## WHAT IS EXPECTED:
For the entries below, repeat exactly each line starting with the one that contains "コーナーガード付アルミケース EXPシリーズ:シルバー/オレンジの画像" and going on through the one that contains "Рис. 1. Схема мотодельтаплана", and no others.

## MATERIAL FOR THE TASK:
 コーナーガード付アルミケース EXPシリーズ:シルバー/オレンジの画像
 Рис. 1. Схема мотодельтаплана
--
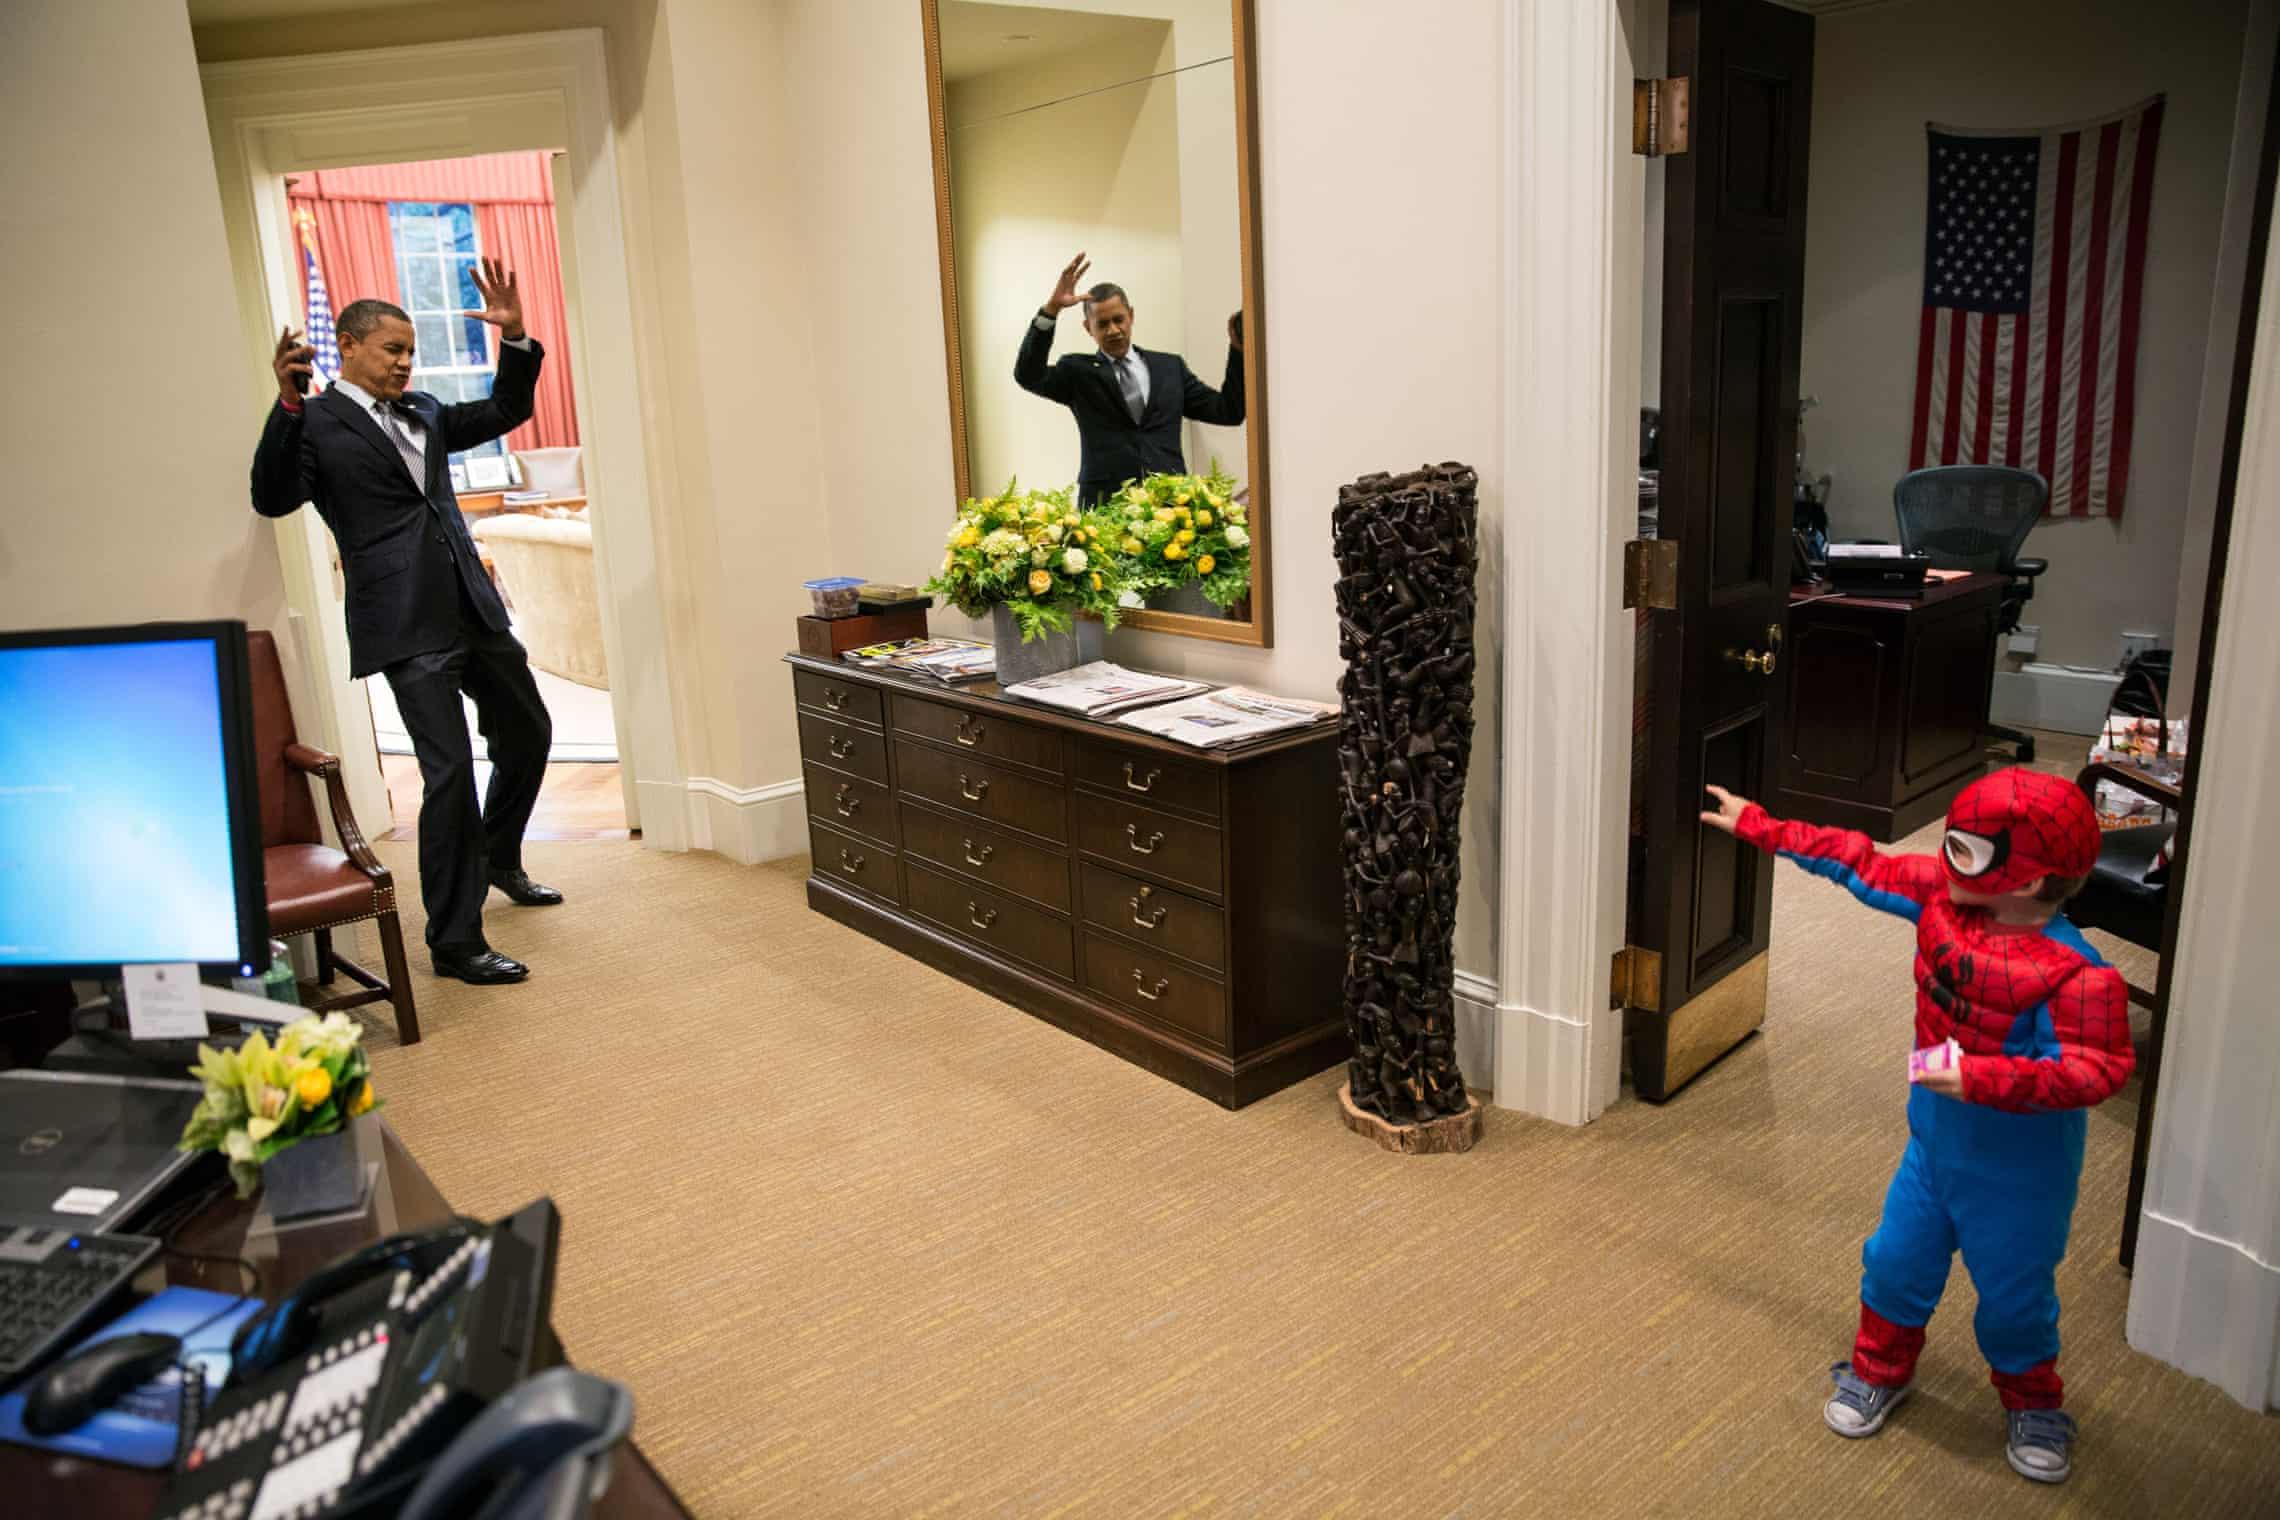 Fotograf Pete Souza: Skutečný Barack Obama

## RESPONSE TO THIS EXERCISE:
 コーナーガード付アルミケース EXPシリーズ:シルバー/オレンジの画像
 Рис. 1. Схема мотодельтаплана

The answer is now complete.